Immediately below them is the honor guard, which are monk devotees that run what passes for police worldwide. Then comes the Breeders, who are those that have the honor of birthing babies that will eventually serve their God, once they are called to glory. Those who are born are schooled in religious schools from the time they can remember that their only worth is to serve their God and to fulfill their honored duties as his son's and daughters. Those who the priests deem worthy are destined to be these breeders, in service to their God.
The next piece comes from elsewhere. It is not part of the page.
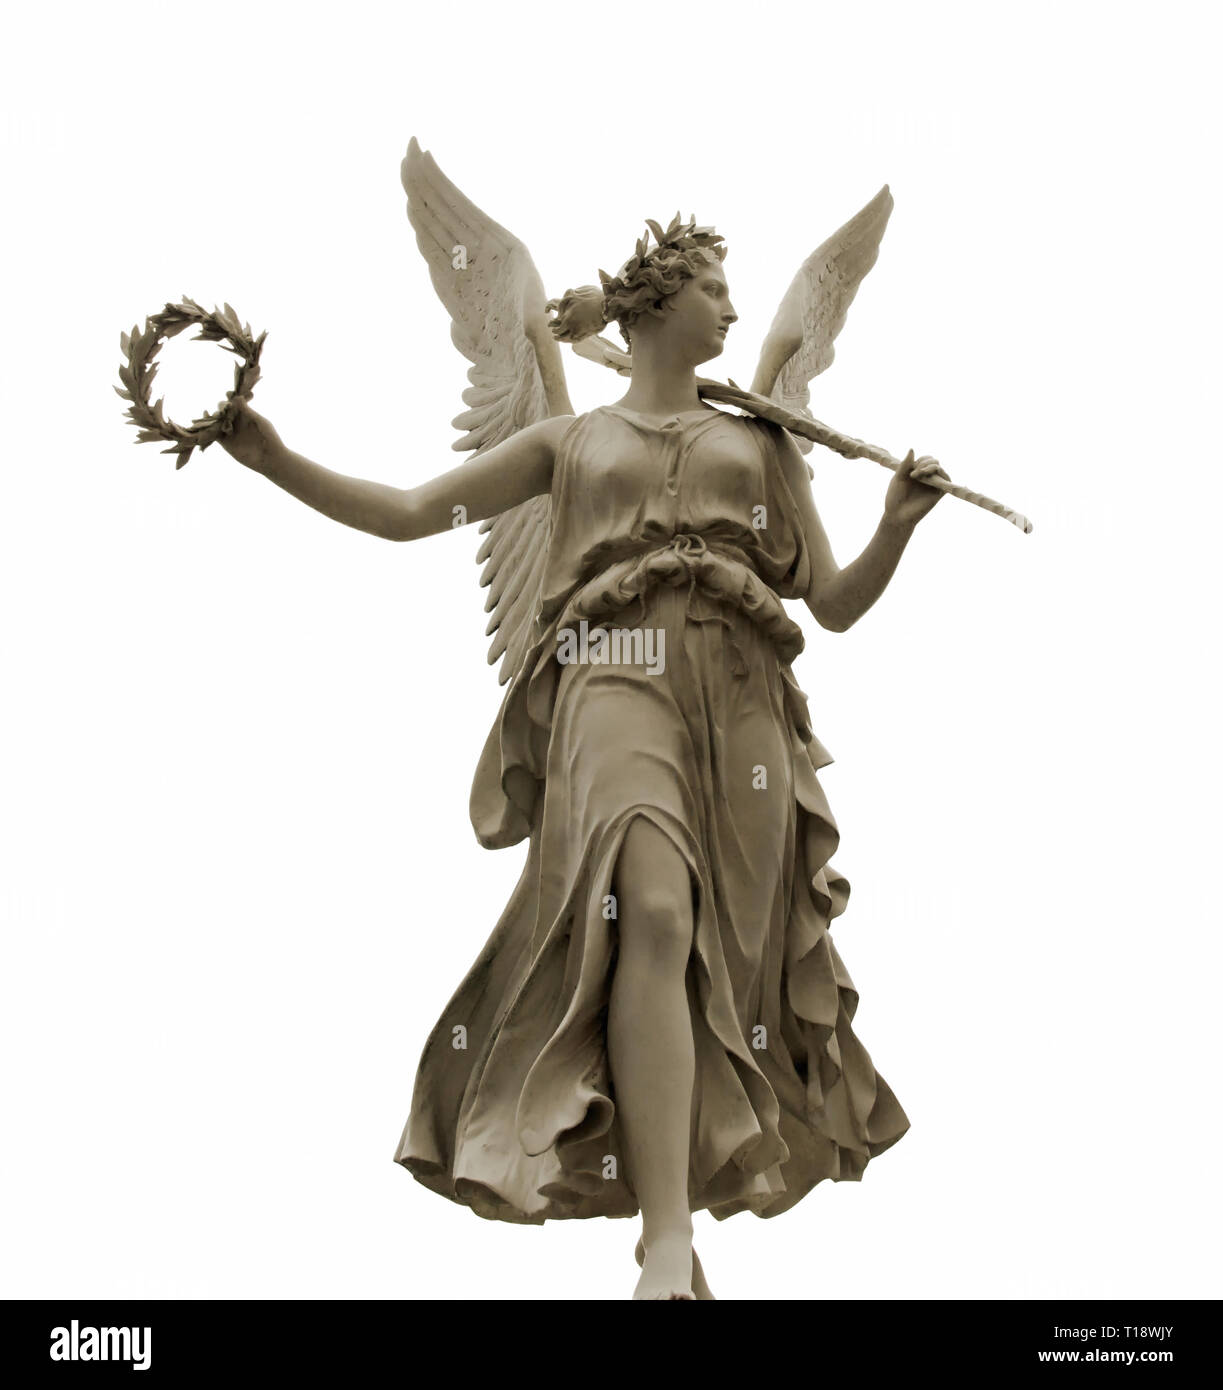 Vorderansicht der Statue der Göttin Nike, von freistellungspfaden isoliert  Stockfotografie - Alamy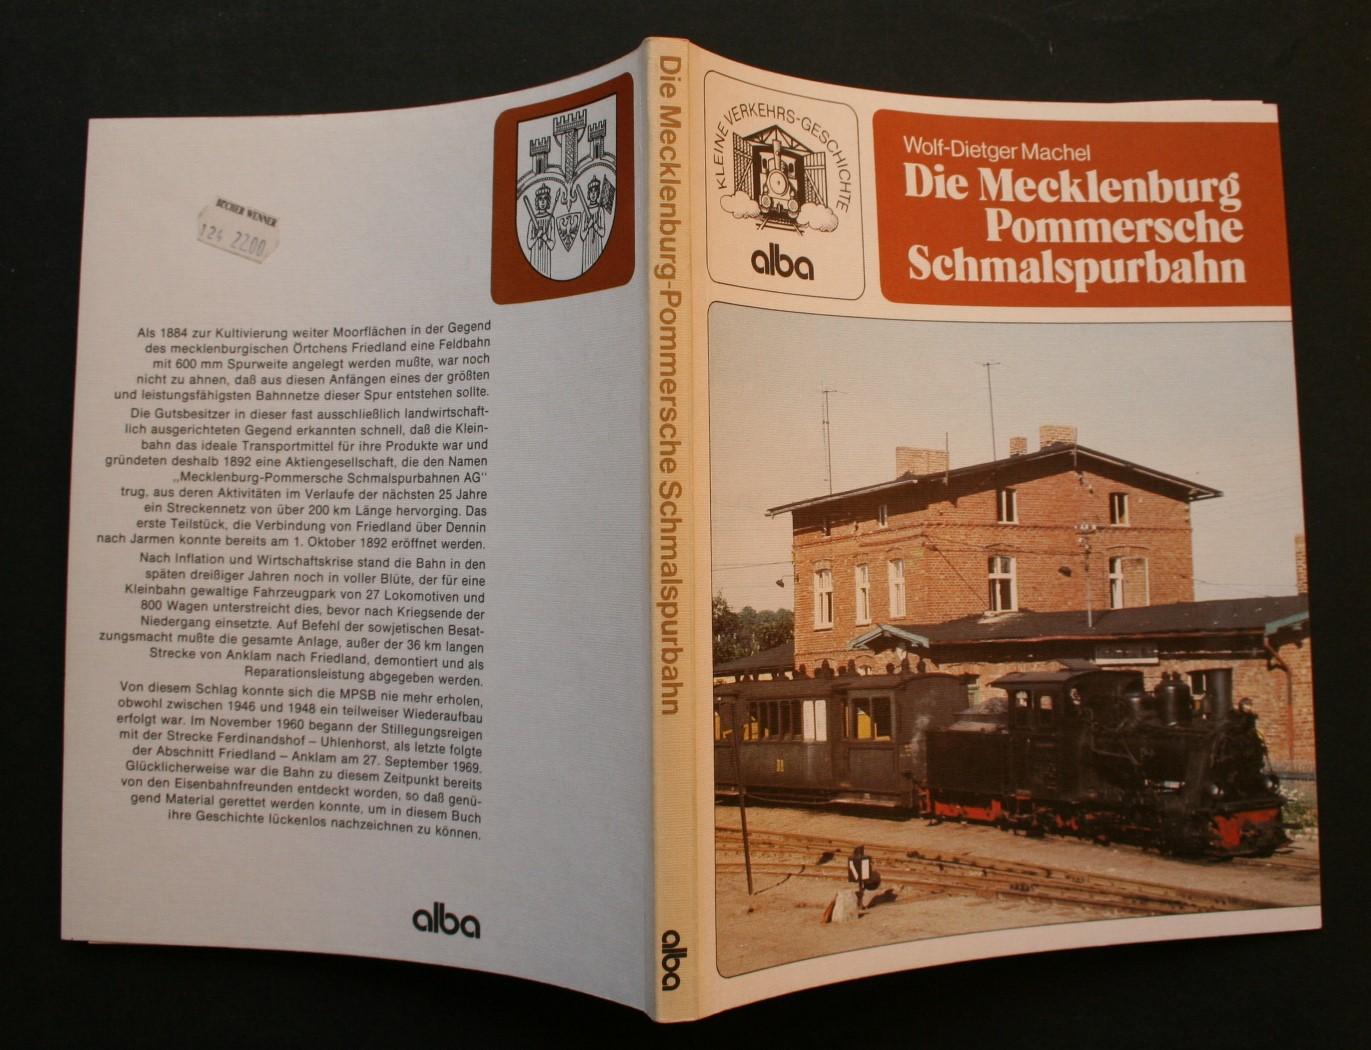 die-mecklenburg-pommersche-schmalspurbahn-aus-der-reihe-kleine-verkehrs-geschichte

These creatures are short lived. Only 20 to forty years of age and they must enter into paradise through the gates of utopia, which is set off in the plushly forested area of their planet. No one can enter utopia or even get withing several miles of the fences that surrounding it, unless they are called. Those that attempt this are engulfed in holy fire from the Angels guarding the path. Of those that are chosen only gain additional wisdom in the use of holy garments and, after a time ascend into heaven by huge flaming chariots of metal. Those that ascend, never return.

In reality the entire planet is a breeding ground for warriors crafted, mind and body for a technologically advanced race that claim to be Gods. These beings use these creatures as cannon fodder in an ageless galactic war, who's enemies are designated as Evil and the Felanoids are thrown at them in service of what they think are Gods. They are trained and armored in high tech armor and are sent into battle with warrior priests that seem to have mystic power of magic.

What the story centers around a skeptic that witnesses the death of one of these Warrior priests, and finds out that their mystic power is only a high tech contraption that misfires and kills everyone in his unit, except his self.

He escapes a religious hostel after a failed attempt at killing him and heads towards the planet of his birth to reveal the fraudulent nature of the religion itself. The story, I'm writing deals with his exploits and the exploits of those sent to silence him.

I have some ideas, but they really seem like they've been hashed over in earlier books.
 

ThinkerX

Myth Weaver
At that level, the lines start getting blurry.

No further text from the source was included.